___ Input data

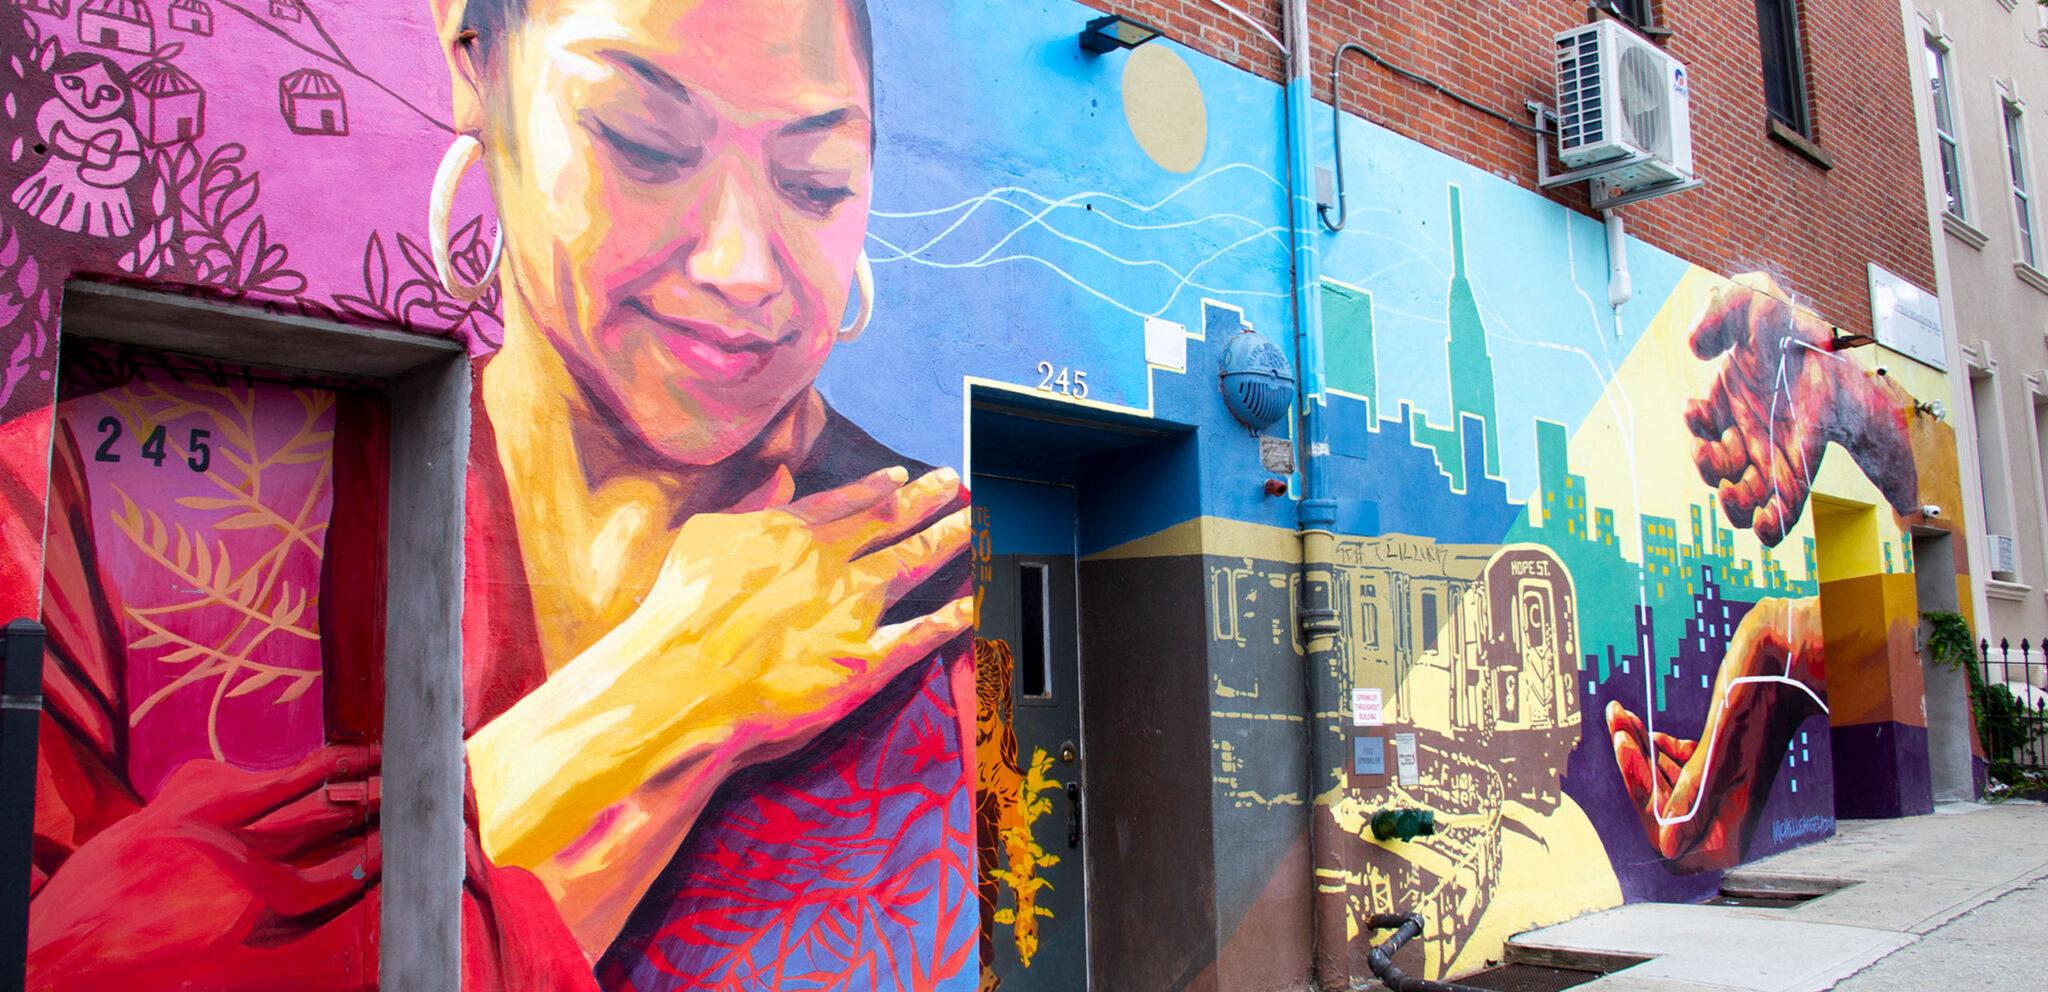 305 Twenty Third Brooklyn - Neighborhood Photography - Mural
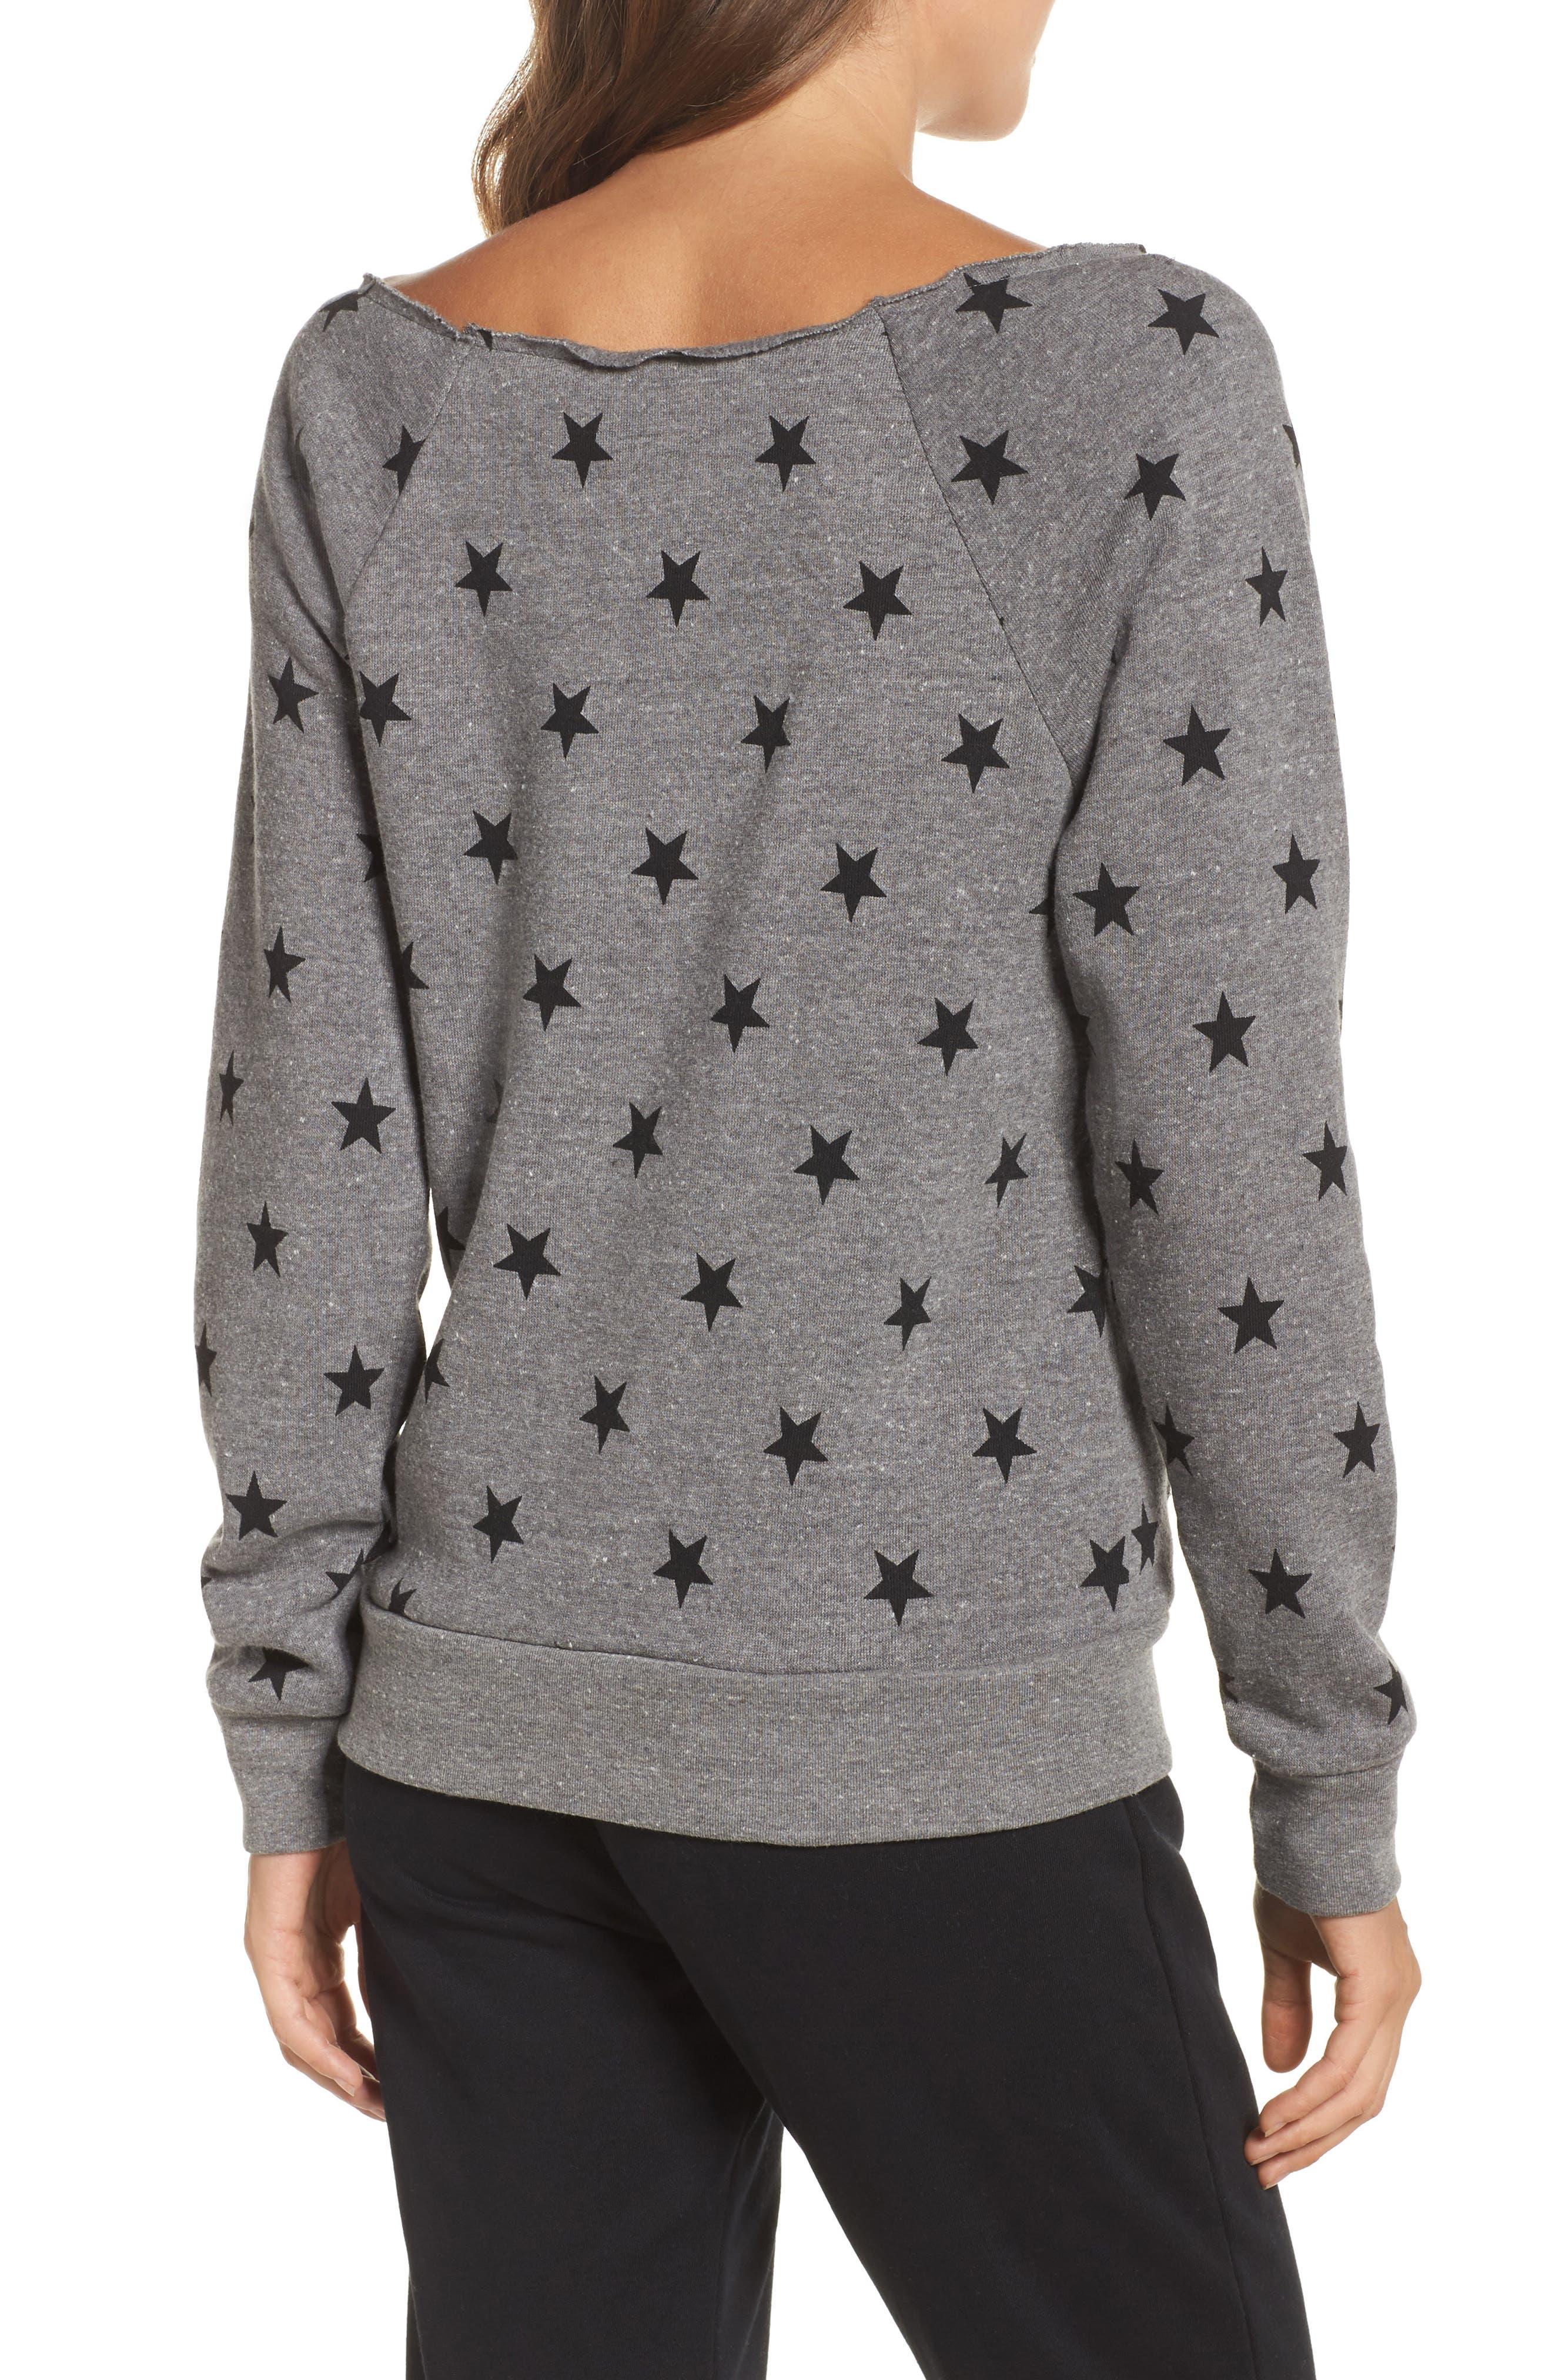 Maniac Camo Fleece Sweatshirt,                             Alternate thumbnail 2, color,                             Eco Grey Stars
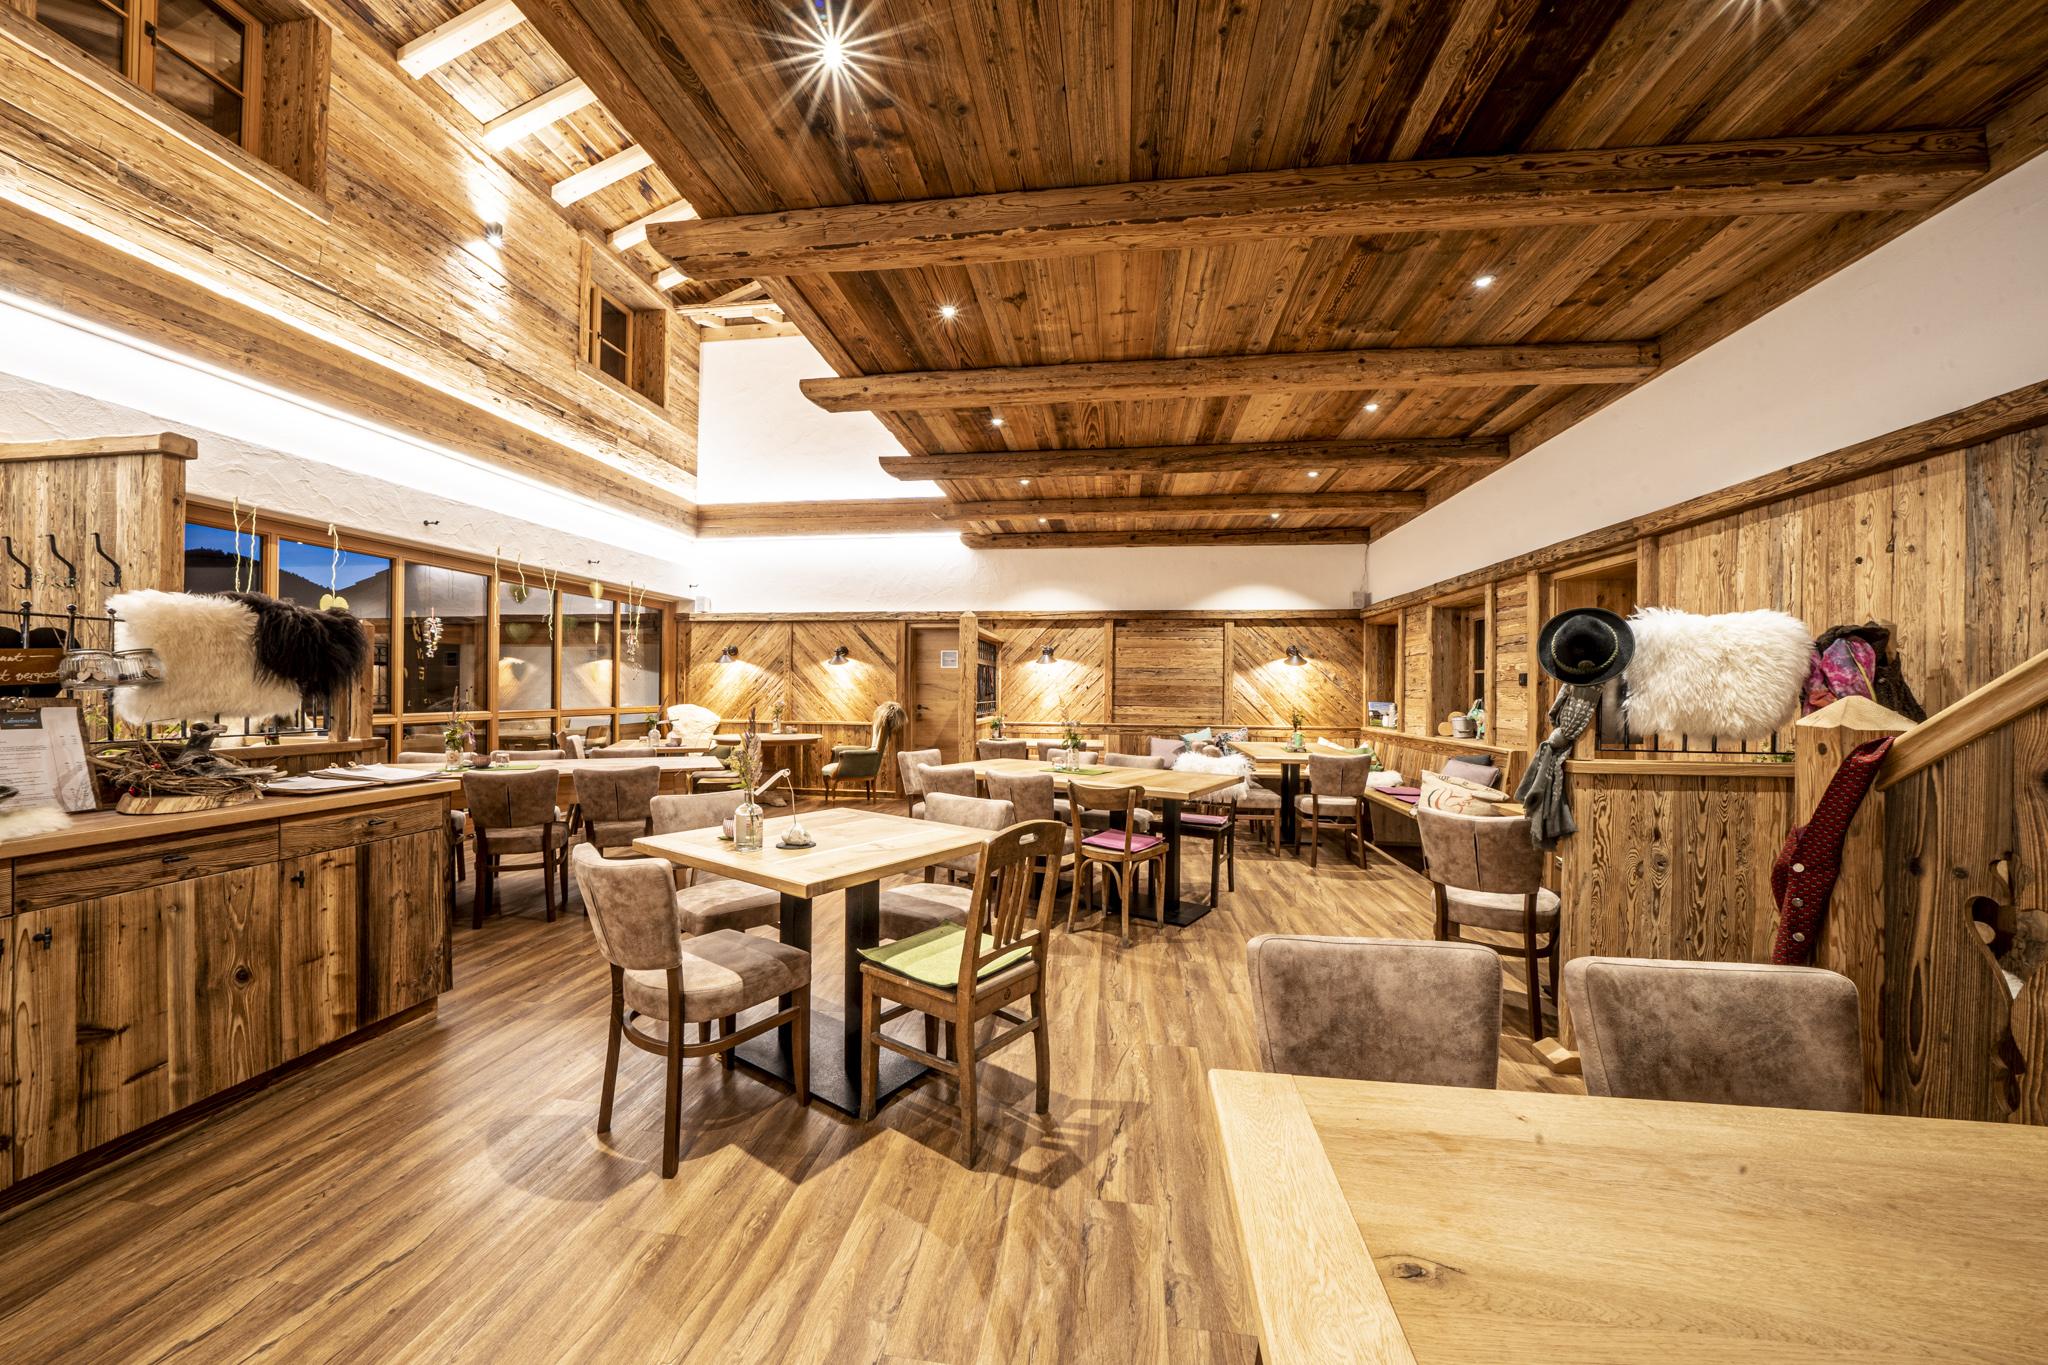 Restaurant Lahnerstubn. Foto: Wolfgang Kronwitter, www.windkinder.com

______

## Action item
You are asked to reproduce each line above exactly, but to exclude the pictures.

## Solution to this task
 305 Twenty Third Brooklyn - Neighborhood Photography - Mural
 Maniac Camo Fleece Sweatshirt,                             Alternate thumbnail 2, color,                             Eco Grey Stars
 Restaurant Lahnerstubn. Foto: Wolfgang Kronwitter, www.windkinder.com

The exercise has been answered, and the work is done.